# Seeds of Destruction



## BloodAngelsfan (Jan 22, 2009)

I was looking through some old documents, on a bit of a deleting spree, when I came across a story I had written one night in 5th grade. It is not of the highest quality by any means, but I thought it might be fun to see how people responded (It was supposed to be the basis for a longer story that I never continued due to my near-nonexistent 5th grade attention span.


The fools. The blasted fools. As sunlight weakly filtered through the stone windows into the bleak, underground chamber, the Council began making their plans. 

"We must strike now! Argrist's defenses are lacking because of the war in the south and the city is open to attack. It will be an opportunity to end this before any more of our men must lose their lives." He could not tell who had spoken, as the Council always kept their faces hidden to prevent betrayal. 

He chuckled in spite of himself.

"Well I respect your opinion I heartily believe that we must wait. The war will not end soon, and we must build up our stores before we risk a frontal assault on the Capital." 

"Then send in Assassins! While we wait and recuperate from the failure at Gelden, the Sovereign has more time to possibly recall the Ari'Shidai and the House Guard! Just think of -"

He interrupted the man's rant, "Brothers, Sisters, I believe that you are all missing a very relevant factor to this all. Yes, the Ari'Shidai or House Guard may return, but that is a small threat. There is a much more dangerous threat to the Sons of the Lokaari and the rebellion; one you may not have thought much about. The Cori'mah." 
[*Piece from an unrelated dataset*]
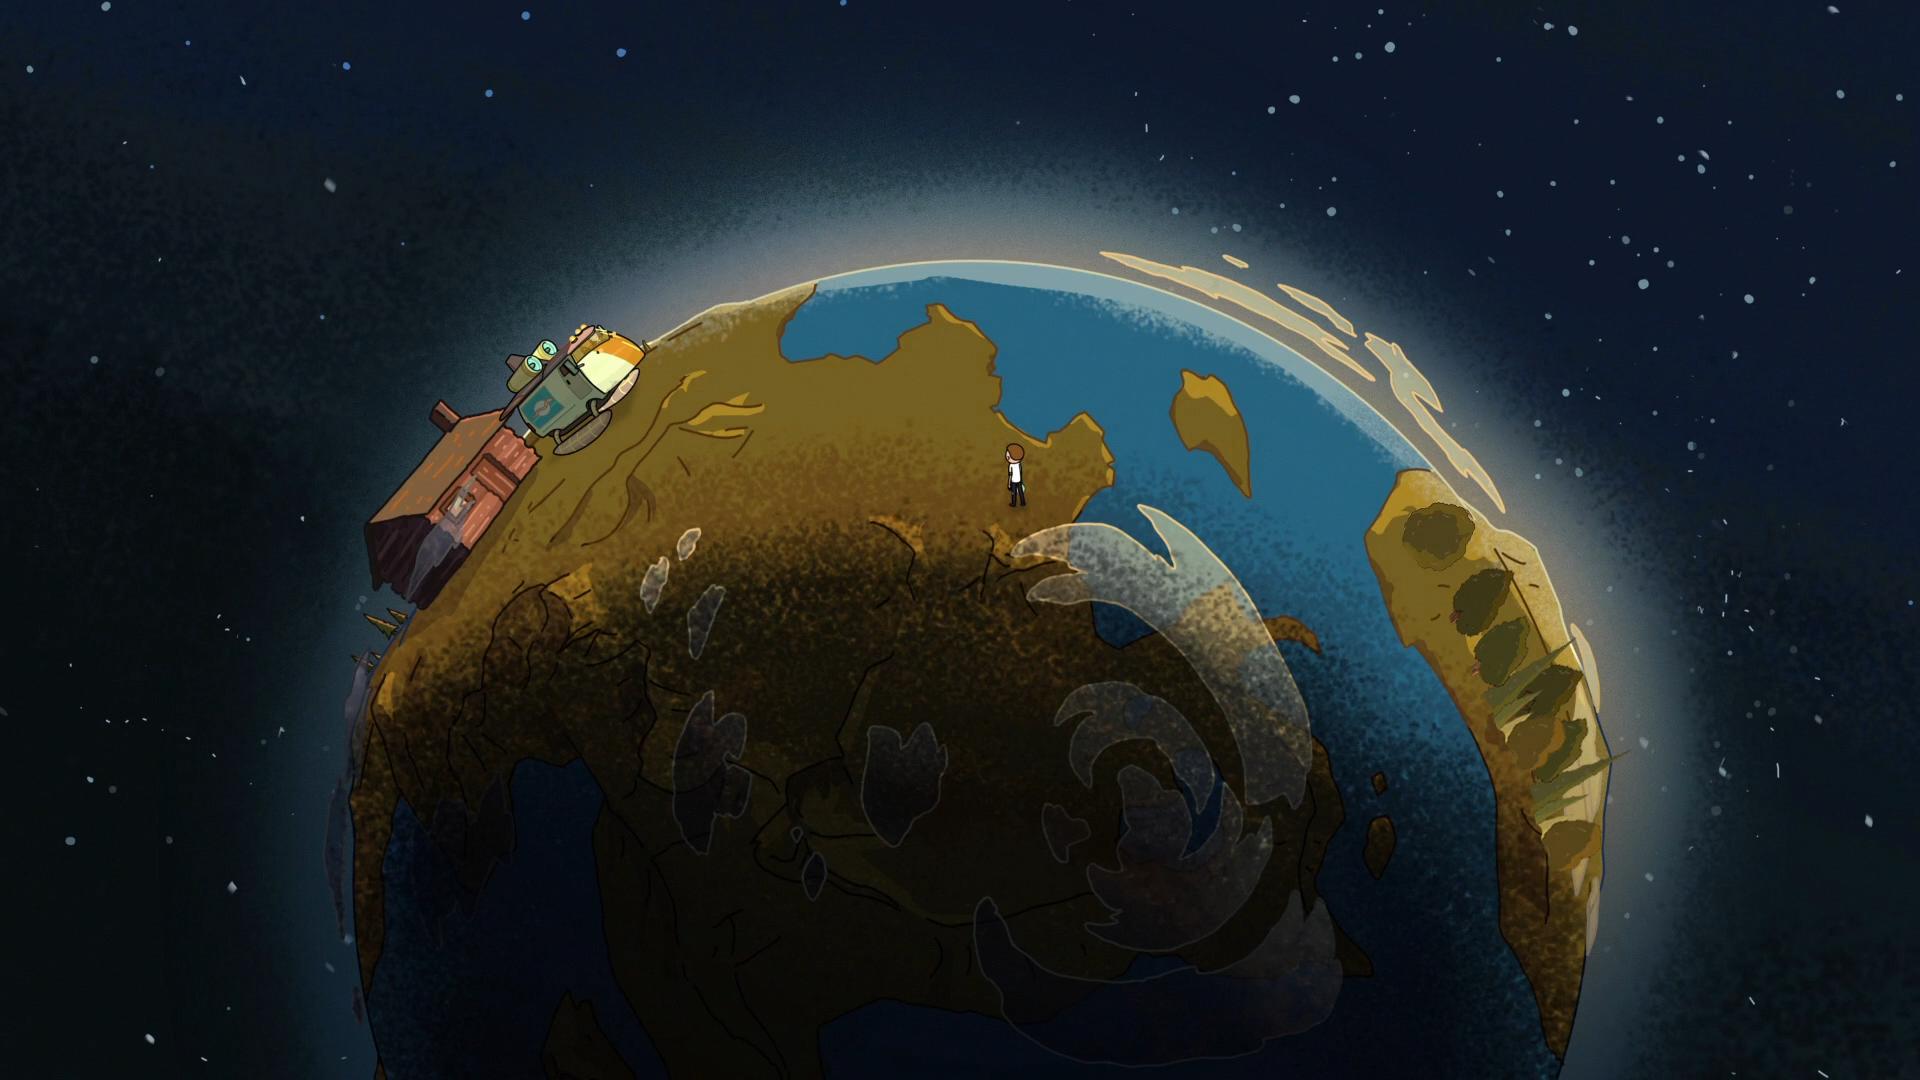 Fond D Ecran Illustration Planete Espace Terre Dessin Anime

The initial speaker burst out into raucous laughter, "What? What have we to fear from the 'Terrors of the West'? Hah! We have more to fear from the werfron beetles that live in the forests, or a simple cold than from those pansies! What could they possibly do?"

He cocked his eyebrow in amusement, the man was so naïve. "You highly underestimate them and their prowess on the battlefield, Brother. They halted the armies of Regrad at Cleft Skull Pass, and defeated the army of the Drho'Qirani Empire in the Aaricraal Desert."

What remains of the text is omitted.